Figure 1. Pulmonary edema
Figure 2. Pulmonary circulation
Figure 3. Pulmonary edema chest X-ray
Footnote: Acute pulmonary edema showing alveolar edema (white arrows) and interstitial edema (black arrowheads). Alveolar edema manifests as ill-defined nodular opacities tending to confluence (white arrows). Interstitial edema can be seen as peripheral septal lines – Kerley B lines (black arrowheads).[Source 2 ]
Figure 4. Unilateral pulmonary edema
Footnote: Unilateral pulmonary edema from acute mitral regurgitation. Right upper lobe ground glass alveolar opacity and air bronchogram sign. Differential diagnoses include blood, pus, water and protein. Left lung is clear. No pleural effusions. Cardiac catheterization showed no coronary artery disease and patient had a prosthetic Carpentier Edwards mitral valve placement.[Source 3 ]

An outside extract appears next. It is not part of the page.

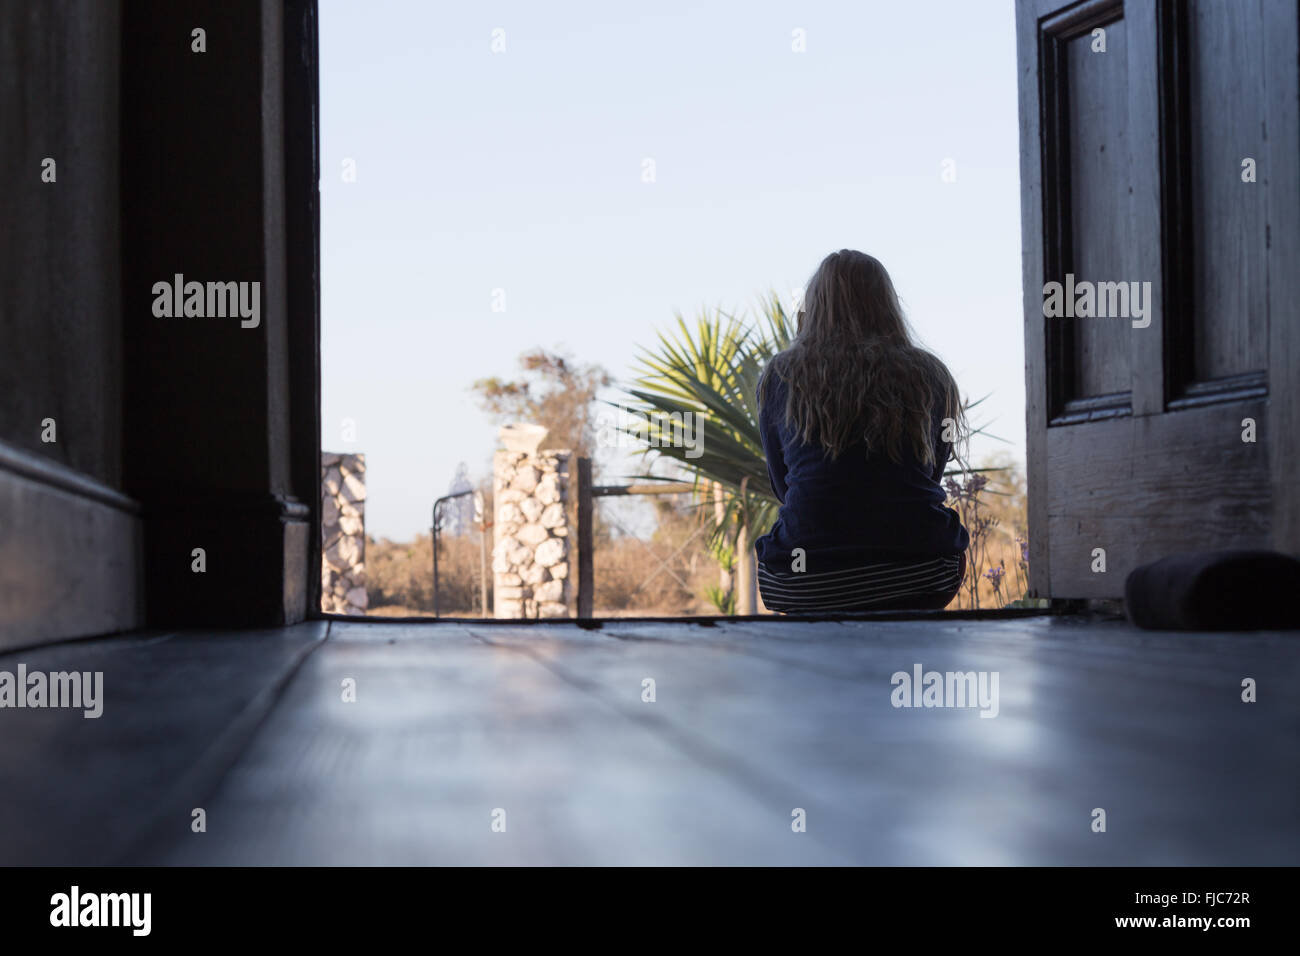 A young woman sits reflecting in the open doorway of an old house looking outside. Stock Photo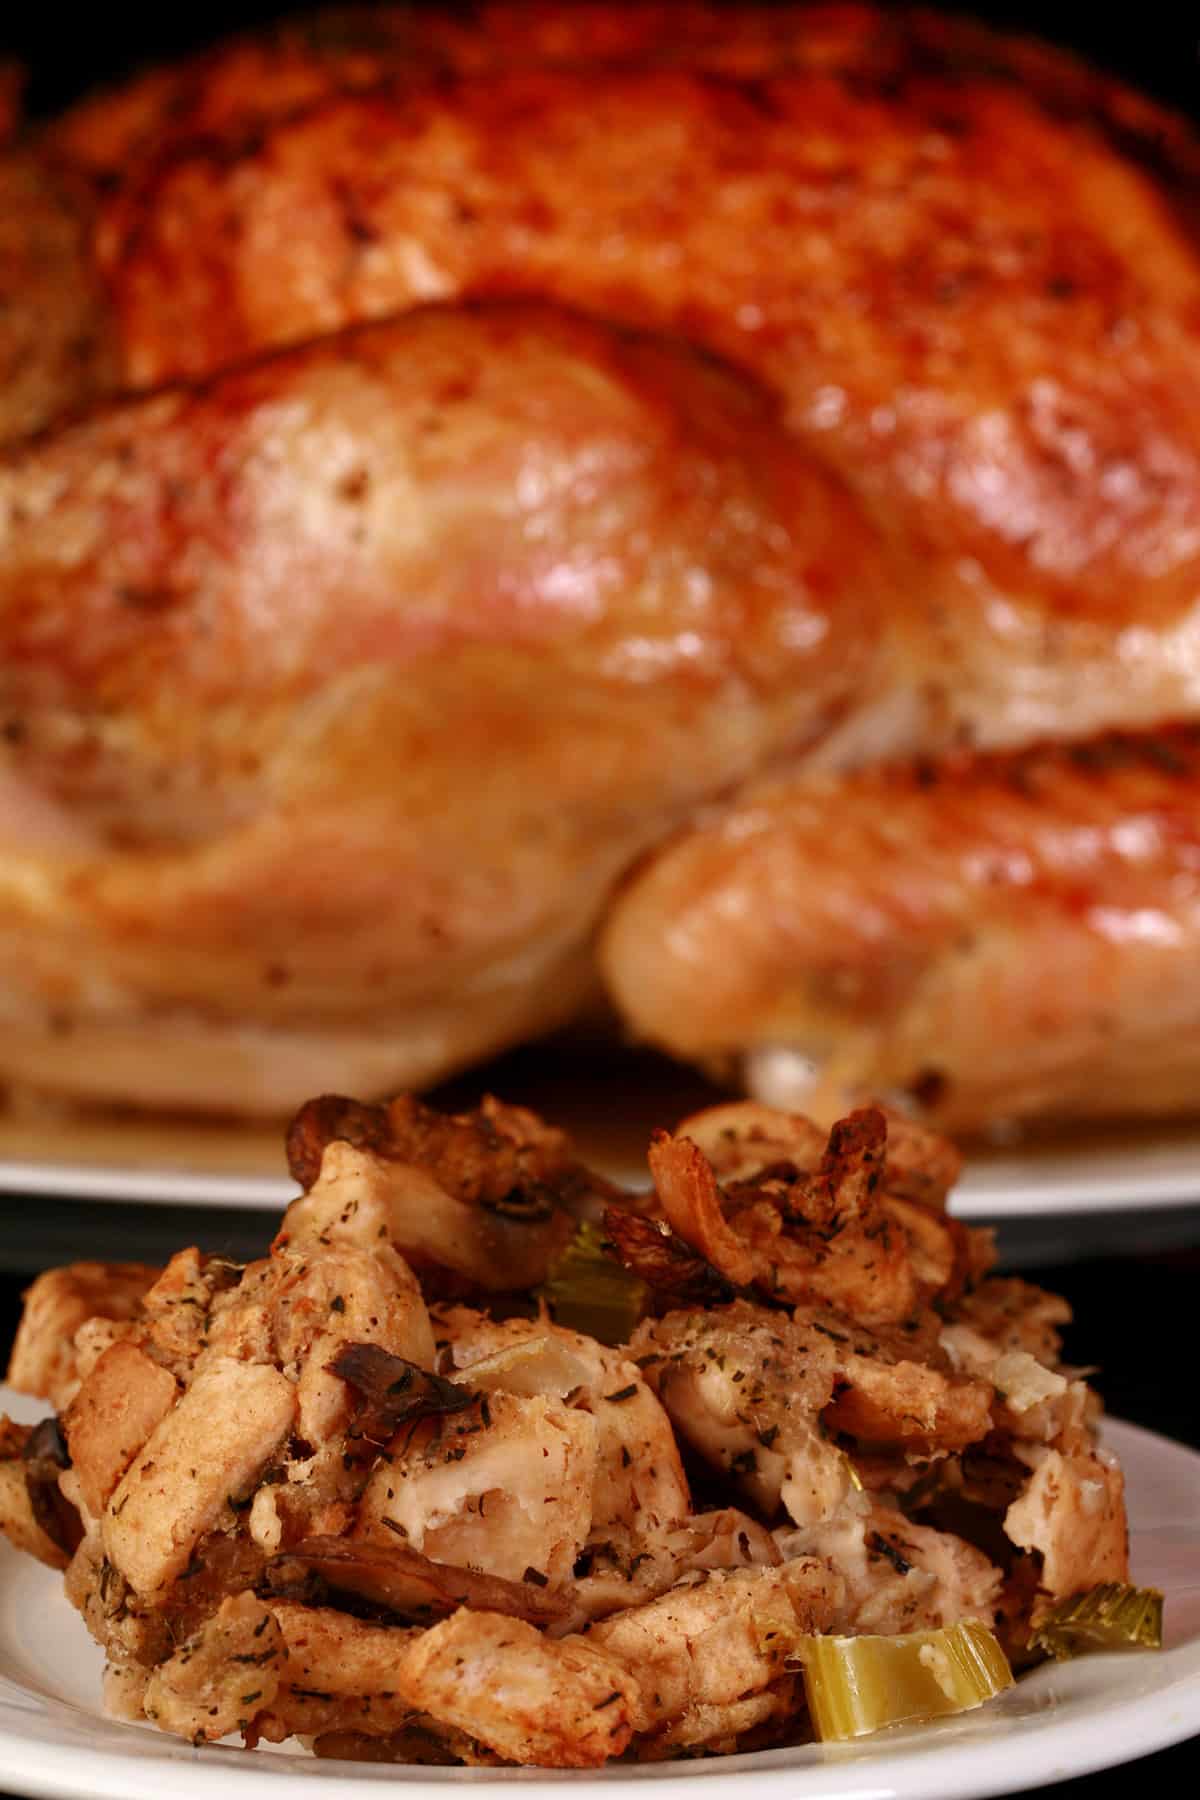 A plate of keto turkey stuffing in front of a roasted turkey.

Figure 5. Pulmonary edema CT
Footnotes: Bilateral airspace opacification in a central peribronchovascular distribution is seen, associated with smooth interlobular septal thickening (which indicates interstitial edema) and bilateral moderate pleural effusions with underlying segmental basal consolidation/collapse. Mild cardiac enlargement is noted. Reactive mediastinal and right epiphrenic lymphadenopathy and mild cirrhotic changes of the liver are also seen.[Source 4 ]
What’s the difference between pulmonary edema and pneumonia?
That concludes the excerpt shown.